O Imperador era Divino. Ele não poderia ser protestado ou punido. Ele só poderia ser aconselhado com deferência contra maltratar eunucos inocentes e, se decidisse disparar contra eles, essa seria sua prerrogativa. — Edward Behr

Puyi disse mais tarde: "Açoitar eunucos fazia parte de minha rotina diária. Minha crueldade e meu amor por exercer o poder já estavam firmemente estabelecidos para que a persuasão tivesse qualquer efeito sobre mim".

Wang era a única pessoa capaz de controlar Puyi; Certa vez, Pu Yi decidiu "recompensar" um eunuco por um show de marionetes bem feito, fazendo um bolo para ele com limalha de ferro, dizendo: "Quero ver como ele fica quando come". Com muita dificuldade, Wang dissuadiu Puyi desse plano.

Todos os dias, Pu Yi visitava cinco ex-concubinas imperiais, chamadas de "mães", para relatar seu progresso.
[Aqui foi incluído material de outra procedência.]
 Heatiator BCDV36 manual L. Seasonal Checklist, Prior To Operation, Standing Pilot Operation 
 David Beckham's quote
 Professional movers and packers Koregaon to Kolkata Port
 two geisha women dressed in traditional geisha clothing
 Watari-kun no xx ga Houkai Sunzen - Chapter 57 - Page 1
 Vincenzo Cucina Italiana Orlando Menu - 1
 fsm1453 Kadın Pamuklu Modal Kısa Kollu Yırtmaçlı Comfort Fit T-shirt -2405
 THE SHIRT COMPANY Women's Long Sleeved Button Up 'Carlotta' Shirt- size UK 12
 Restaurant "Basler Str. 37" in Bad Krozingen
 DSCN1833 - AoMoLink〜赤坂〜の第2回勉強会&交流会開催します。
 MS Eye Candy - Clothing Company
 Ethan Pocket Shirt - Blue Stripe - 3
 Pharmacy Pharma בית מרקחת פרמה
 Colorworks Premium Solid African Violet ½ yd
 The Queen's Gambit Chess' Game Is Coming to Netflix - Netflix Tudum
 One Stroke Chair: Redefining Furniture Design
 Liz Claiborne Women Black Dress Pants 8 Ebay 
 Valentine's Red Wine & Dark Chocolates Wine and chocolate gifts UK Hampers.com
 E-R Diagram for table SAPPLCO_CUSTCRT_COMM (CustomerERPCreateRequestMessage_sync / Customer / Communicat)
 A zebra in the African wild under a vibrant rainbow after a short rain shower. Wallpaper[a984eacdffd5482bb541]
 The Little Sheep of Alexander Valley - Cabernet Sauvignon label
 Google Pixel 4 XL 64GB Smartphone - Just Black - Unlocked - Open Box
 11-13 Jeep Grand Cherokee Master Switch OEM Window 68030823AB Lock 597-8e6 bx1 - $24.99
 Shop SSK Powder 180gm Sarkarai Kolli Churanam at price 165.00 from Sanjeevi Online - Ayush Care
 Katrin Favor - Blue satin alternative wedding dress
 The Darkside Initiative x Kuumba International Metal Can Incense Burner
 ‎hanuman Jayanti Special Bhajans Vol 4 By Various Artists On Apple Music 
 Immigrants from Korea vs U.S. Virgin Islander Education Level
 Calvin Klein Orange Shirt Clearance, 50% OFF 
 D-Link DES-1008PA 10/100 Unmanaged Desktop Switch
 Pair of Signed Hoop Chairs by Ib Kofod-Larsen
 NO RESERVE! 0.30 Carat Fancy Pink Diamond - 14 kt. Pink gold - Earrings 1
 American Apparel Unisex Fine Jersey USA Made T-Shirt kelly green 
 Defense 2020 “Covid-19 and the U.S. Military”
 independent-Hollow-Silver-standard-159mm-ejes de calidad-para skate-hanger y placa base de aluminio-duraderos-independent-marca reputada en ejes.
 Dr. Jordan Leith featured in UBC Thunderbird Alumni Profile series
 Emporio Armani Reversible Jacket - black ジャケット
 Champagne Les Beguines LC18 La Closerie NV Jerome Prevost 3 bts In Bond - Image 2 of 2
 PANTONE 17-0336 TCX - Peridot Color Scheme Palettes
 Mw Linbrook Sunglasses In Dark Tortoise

Ele odiava suas "mães", até porque elas o impediam de ver sua mãe verdadeira até os 13 anos. Sua líder era a autocrática Imperatriz Viúva Longyu, que conspirou com sucesso para expulsar a amada ama de leite de Puyi, Wang, da Cidade Proibida quando ele tinha 8 anos, alegando que Puyi era velho demais para ser amamentado. Puyi odiava especialmente Longyu por isso. Puyi escreveu mais tarde: "Embora eu tivesse muitas mães, nunca conheci nenhum amor maternal." A imperatriz viúva Longyu governou com autoridade suprema sobre a corte imperial Qing e, embora não fosse a "regente" de jure, ela era a governante de facto do Império Qing.